The former board member of the FED, Robert Heller, took the view in the Wall Street Journal that the FED should, instead of flooding the economy with money and thereby increasing the risk of inflation, buy more targeted stock index futures and thus stabilize the market as a whole. This statement became the basis of allegations that the FED acted in exactly the same way. Established analysts in turn called these allegations conspiracy theories, they were too simple and baseless. Author Kevin Phillips wrote in his book Bad Money , published in 2008, that he had no interest in becoming a conspiracy investigator. However, he concluded that some high-level decisions had been made in Washington to put in place a bailout mechanism for the stock market. This should protect important banks in particular from exposure to national and international currency and credit crises. Phillips concludes that the easiest way for the workgroup to intervene in falls by buying stock index futures would be. Either in cooperation with the major banks, or through the FED or the Ministry of Finance.

2007 financial crisis

On October 6, 2008, the working group published a report in which it announced that it had used the opportunities available to it to stabilize the financial markets.

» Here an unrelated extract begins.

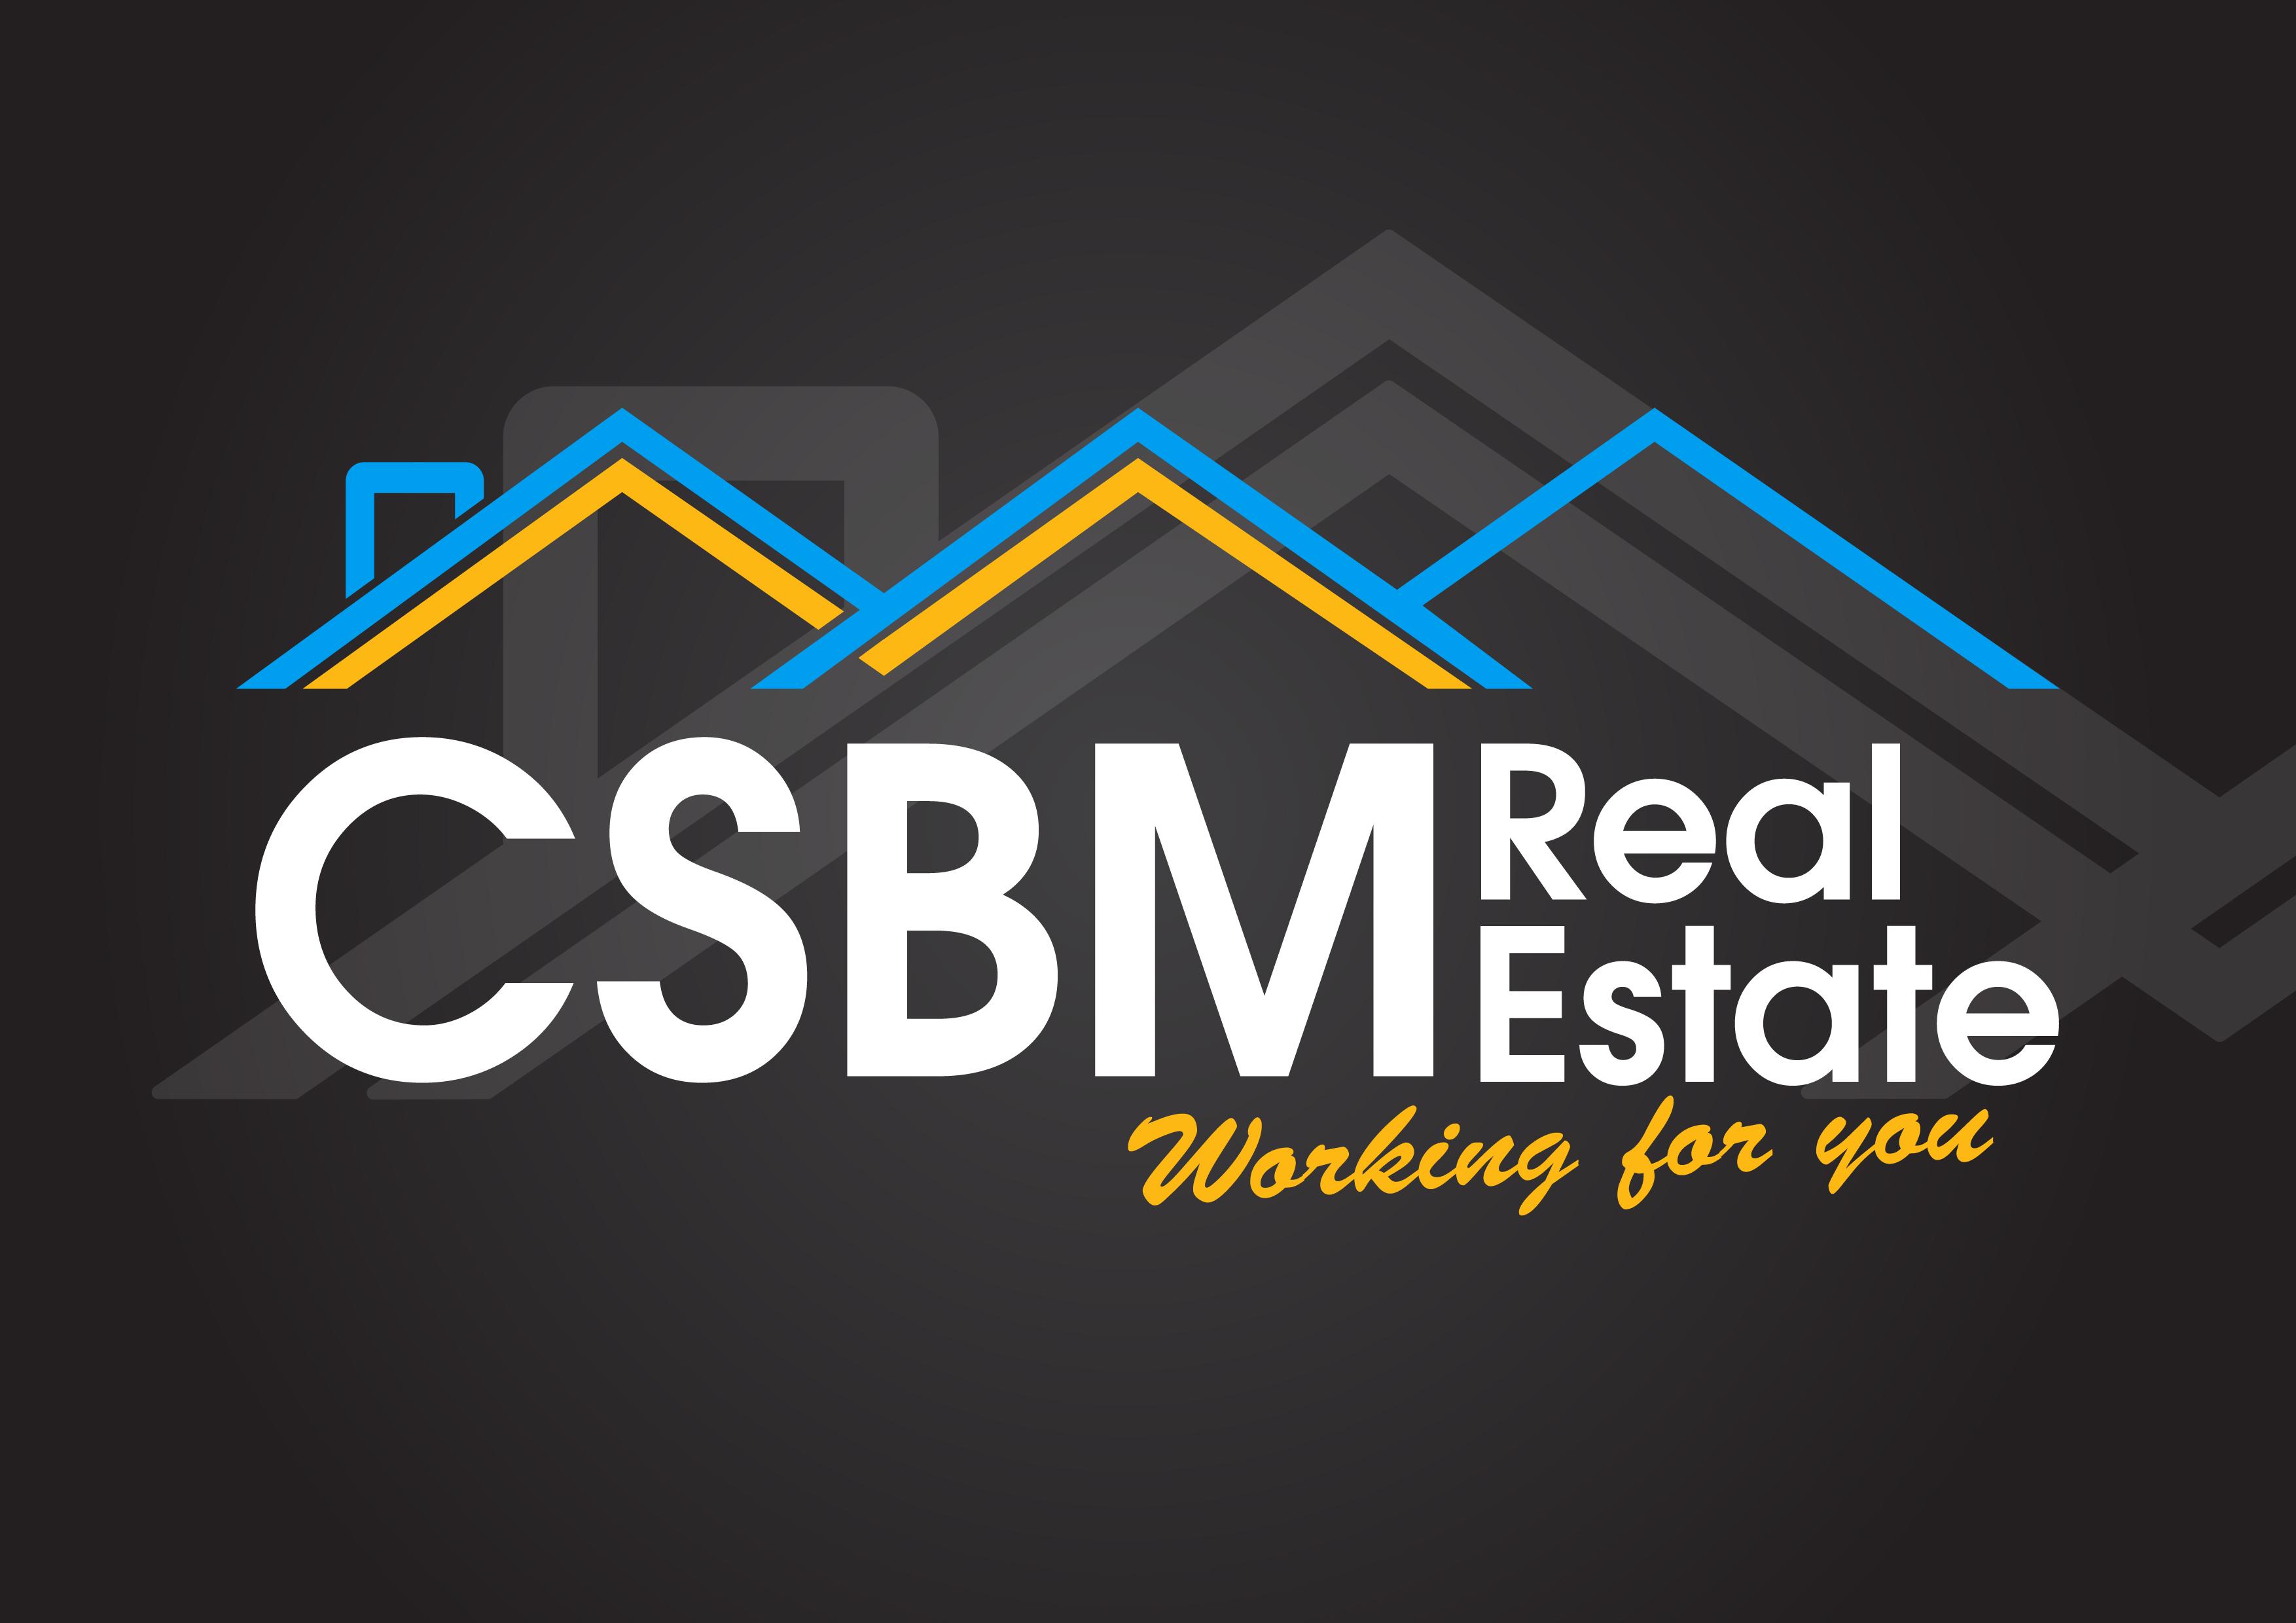 CSBM Real Estate Logo 2017.jpg

There was no mention of buying stocks in the report. The state may own shares in companies to which it has previously granted loans. Because in return for the loans, the state received warrants as collateral.

Individual evidence

  1. a b Executive Orders
  2. Plunge Protection Team . In: The Washington Post , February 23, 1997. 
  3. ^ Ambrose Evans-Pritchard: Monday view: Paulson re-activates secretive support team to prevent markets meltdown , Telegraph UK. October 30, 2006. Retrieved September 15, 2008. 

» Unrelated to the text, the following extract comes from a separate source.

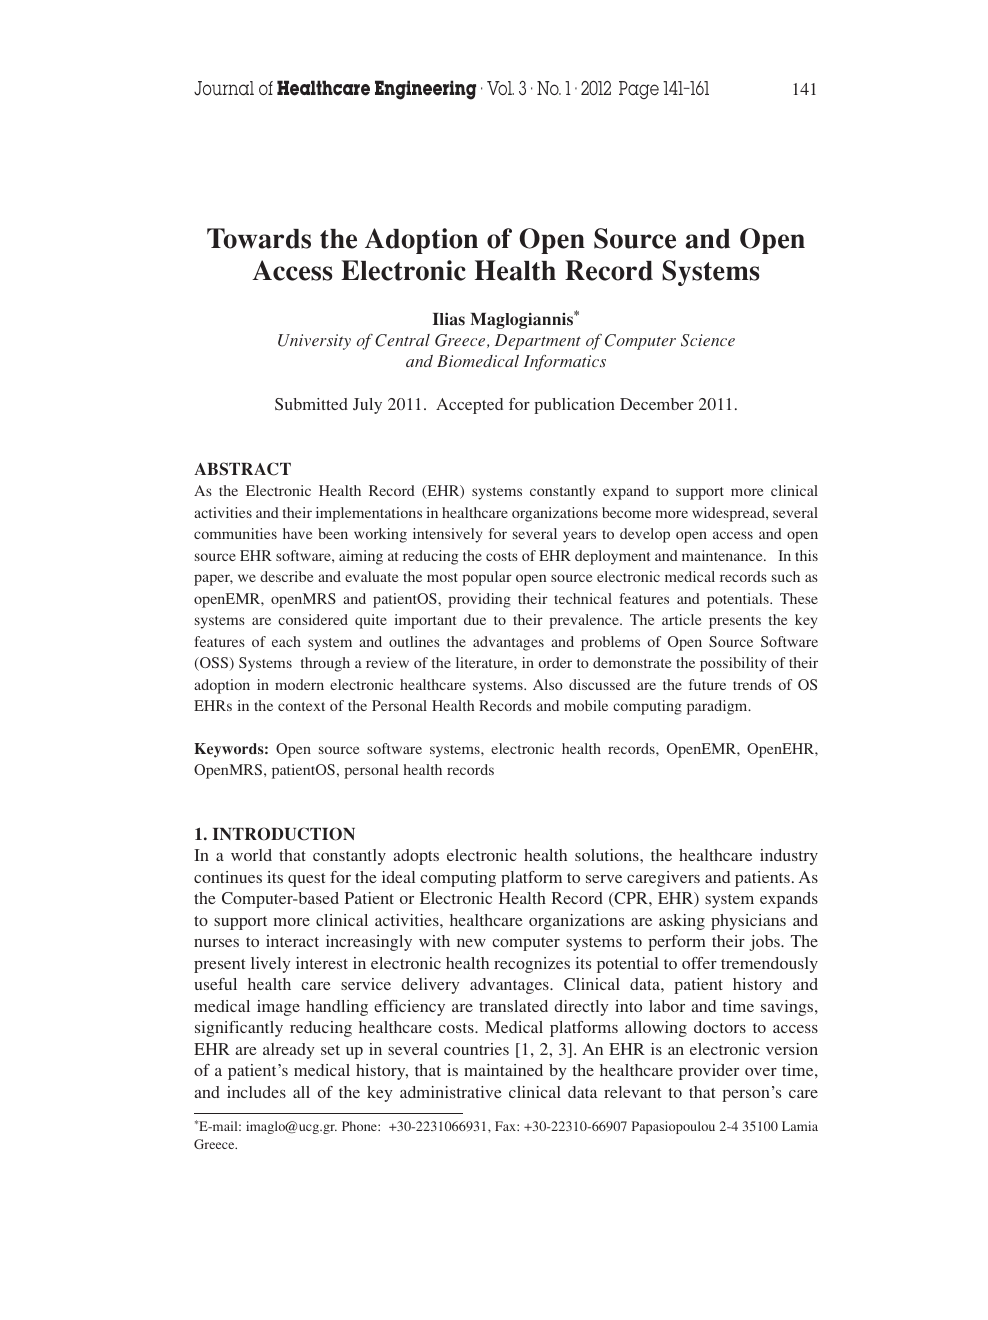 Insert background on login page - OpenEMR Development - OpenEMR Community

  4. Richard Wachman, Jamie Doward Observer: Fed to prop up Wall St , Guardian Unlimited. September 16, 2001. Retrieved September 15, 2008. 
  5. Board. D. Fromson: Plunge Protection Team , Washington Post. February 23, 1997. Retrieved September 15, 2008. 

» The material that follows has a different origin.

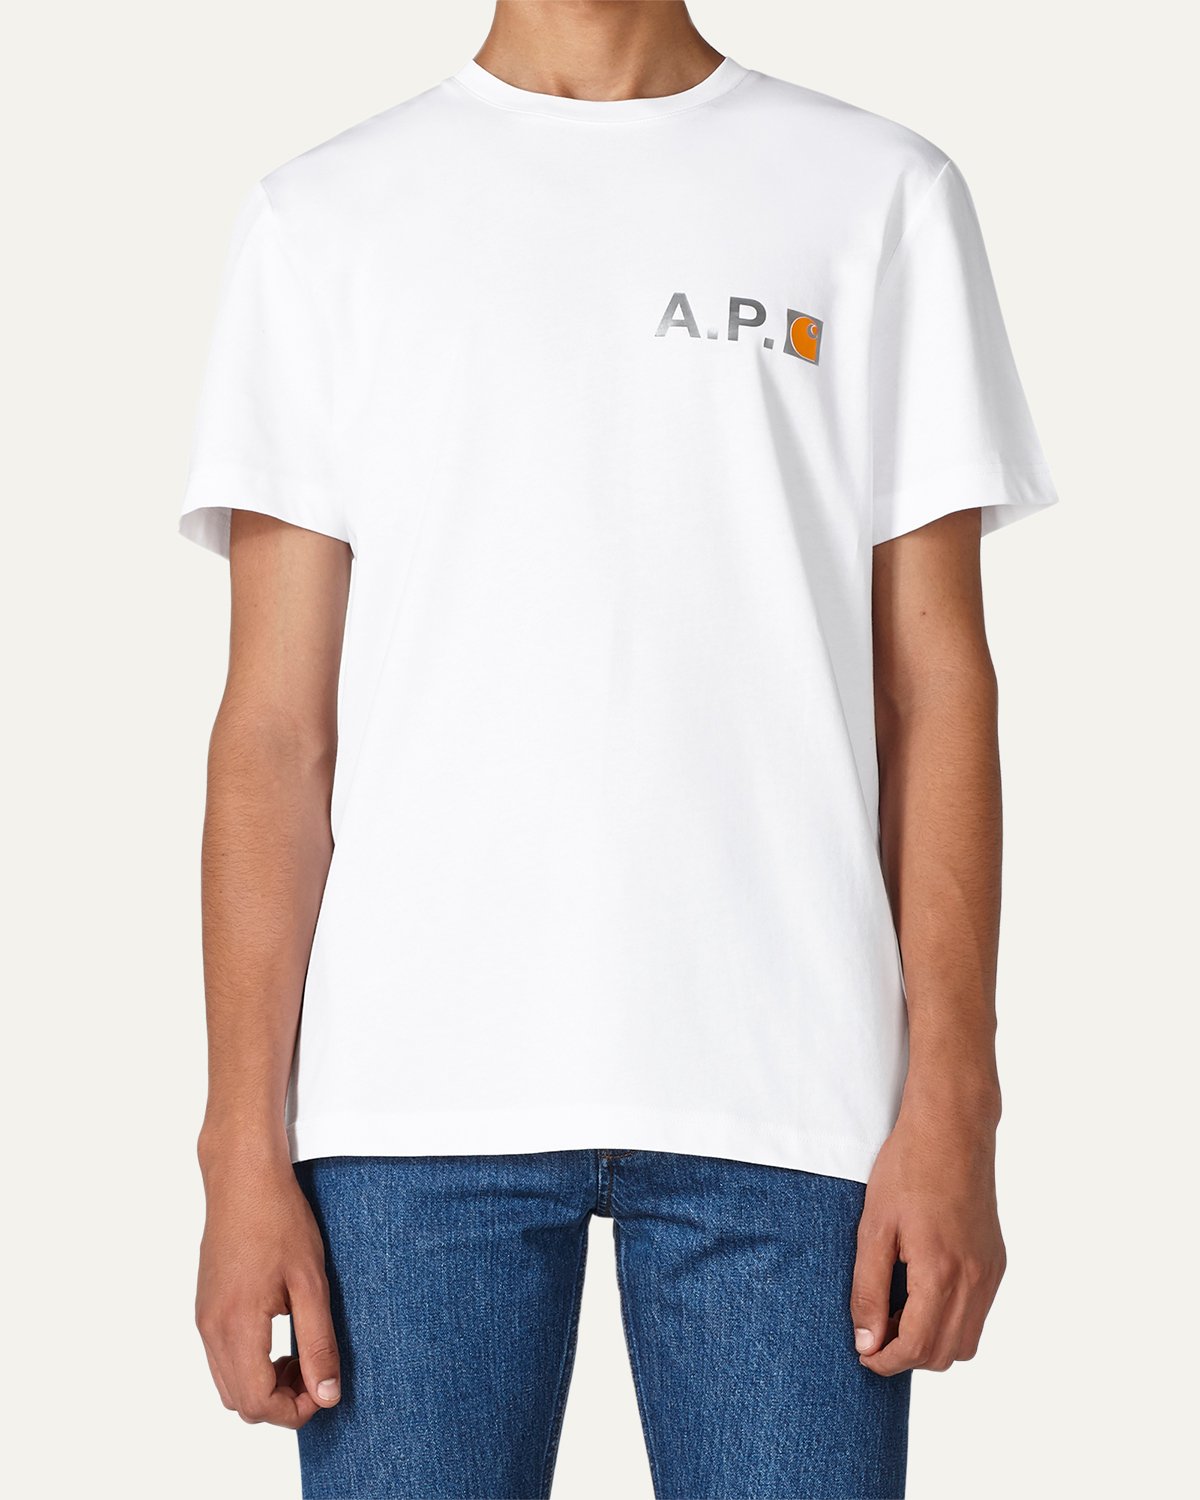 A.P.C. x Carhartt WIP - Fire T-Shirt White - Tops - White - Image 2

  6. Carolyn Baum: Rubin Should Teach Paulson Secret PPT Handshake , Bloomberg. July 31, 2007. Retrieved September 15, 2008. 
  7. ^ Daniel Gross: Riches to Rags . In: The New York Times , August 3, 2008. 
  8. ^ Drake Bennett: The Operators Behind a seductive Wall Street conspiracy theory , The Boston Globe. September 21, 2008. 
  9. Julie Crawshaw: Biderman: Fed, Gov't Likely Rigging Market Rally , Money News. January 10, 2010. Retrieved April 24, 2012. 
  10. The Visible Hand of Uncle Sam ( Memento of the original from March 31, 2010 in the Internet Archive ) Info: The archive link was inserted automatically and has not yet been checked. Please check the original and archive link according to the instructions and then remove this notice. @1@ 2Template: Webachiv / IABot / www.sprott.com
  11. ^ Federal Government Manipulating Equities Market?
  12. ^ Bennett, The Boston Globe .
  13. ^ K. Phillips: Bad Money: Reckless Finance, Failed Politics, and the Global Crisis of American Capitalism . Viking, 2008, ISBN 978-0-670-01907-6 .
  14. ^ Statement by the President's Working Group on Financial Markets . United States Department of the Treasury . Retrieved October 6, 2008.